Dr Sean Moran, Philosopher
If you ever have to appear in court for a crime you didn’t commit, I hope that you are lucky enough to have a fair-minded jury. From what I’ve seen, this is not guaranteed. In fact, the odds might be stacked against you right from the start.
It shouldn’t be like that, of course. In Irish law, a person is presumed innocent until proven guilty. Viscount Sankey called this presumption of innocence a ‘golden thread’ that runs through the criminal law: but the thread seems to have snapped in some Irsh courts. I know this because I was summonsed to be a juror. And what I saw and heard appalled me.
“Look at that scumbag”, said the man next to me. So I glanced down onto the street, from the upstairs window of the courthouse. A handcuffed defendant was being escorted by a prison officer into the courtroom below us. This was troubling on two counts.
Firstly, an unconvicted person was making an involuntary appearance, chained to a man in uniform, in full public view on the streets of an Irish town. It was redolent of the notorious ‘perp walk’ of the American justice system. Even a saint would look guilty, shackled and dragged across the street like that.
Secondly, the person calling the defendant a “scumbag” was a potential member of the jury, who had based his verdict on a mere glimpse of a man on the street below. We had heard no charges and not a word of evidence against him. None of us even knew what he was alleged to have done.
Another would-be juror joined in the condemnation: “Wouldn’t it be grand if that van hit the two of them? B’dum, b’dum. Save us all a job.” A moment ago we had heard the verdict, and now m’learned friend was announcing the sentence: capital punishment. And not just for the ‘guilty’ person, but for his captor too.
I protested that the man in question might well be a fine fellow, and that we should regard him as innocent until proven otherwise. Another prospective juror gave us his opinion: “No. I know him and he is a scumbag.” So that settled it, then. The man was guilty and deserving of severe punishment.
If this was just banter in a pub, it might be harmless enough. But we were in a courthouse to perform a civic duty enshrined in the Irish constitution: to give a verdict on the guilt or innocence of a fellow human being. We were about to form a jury.
Next, the slips were put into a box for the ballot. As the names were called, it became clear that fewer than half of the jurors summonsed had bothered to turn up. One wag said, “If you’re not in, you can’t win”. I wasn’t picked in the raffle for jury places. But the man who had called the defendant a scumbag and the one who had suggested the death penalty were chosen. With no objection from either the defence or the prosecution, my two new acquaintances were sworn in and empanelled in the jury.

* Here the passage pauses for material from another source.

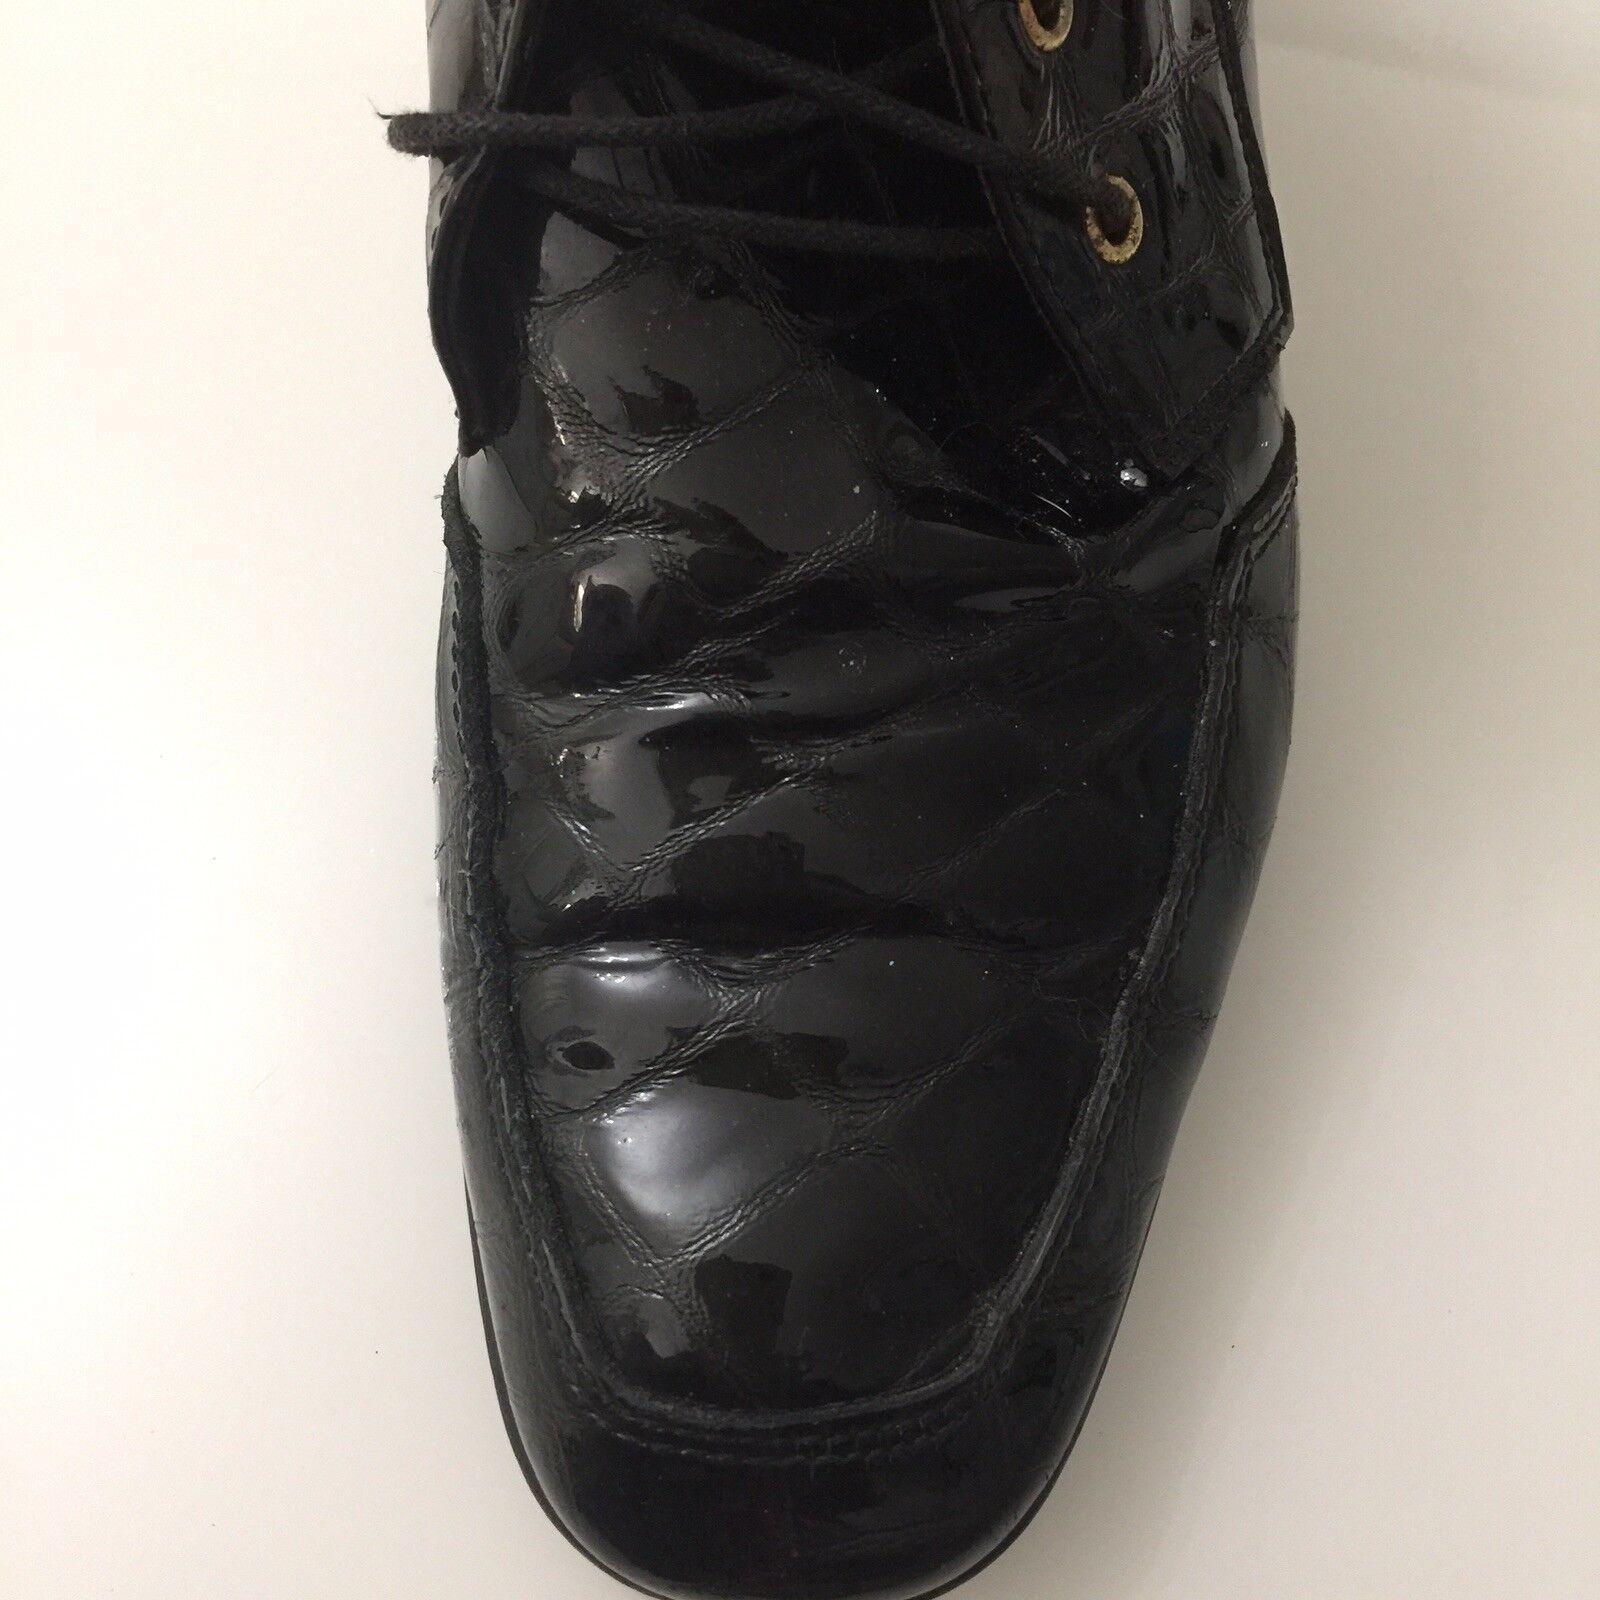 Bottines Bottines Bottines Femmes Taille 5.5 noir cuir verni TRICKERS lacets Boucle Sangle Très bon état e886a5

Now, I suppose that by the law of averages, a random selection from the general public will contain one or two characters you would not like to be in control of your fate. Shakespeare recognised this long ago: ‘The jury, passing on the prisoner’s life, may in the sworn twelve have a thief or two, guiltier than him they try.’
That is bad enough, but to prejudice such a jury before the trial has even started – by showing the prisoner in a bad light, through public humiliation – is intolerable. We might as well hang a sign around his neck saying ‘Criminal’. After his public captivity, followed by a trial with dodgy jurors, the prisoner in Shakespeare’s play was found guilty.
I don’t know what happened to the accused in the real-life case, but I hope that all the jurors based their verdict on the evidence presented, and not on any snap decisions taken beforehand. By sheer misfortune, any of us could mistakenly end up as the accused in court. We are all entitled to a fair trial before a jury of unprejudiced citizens. But I wouldn’t bet on it.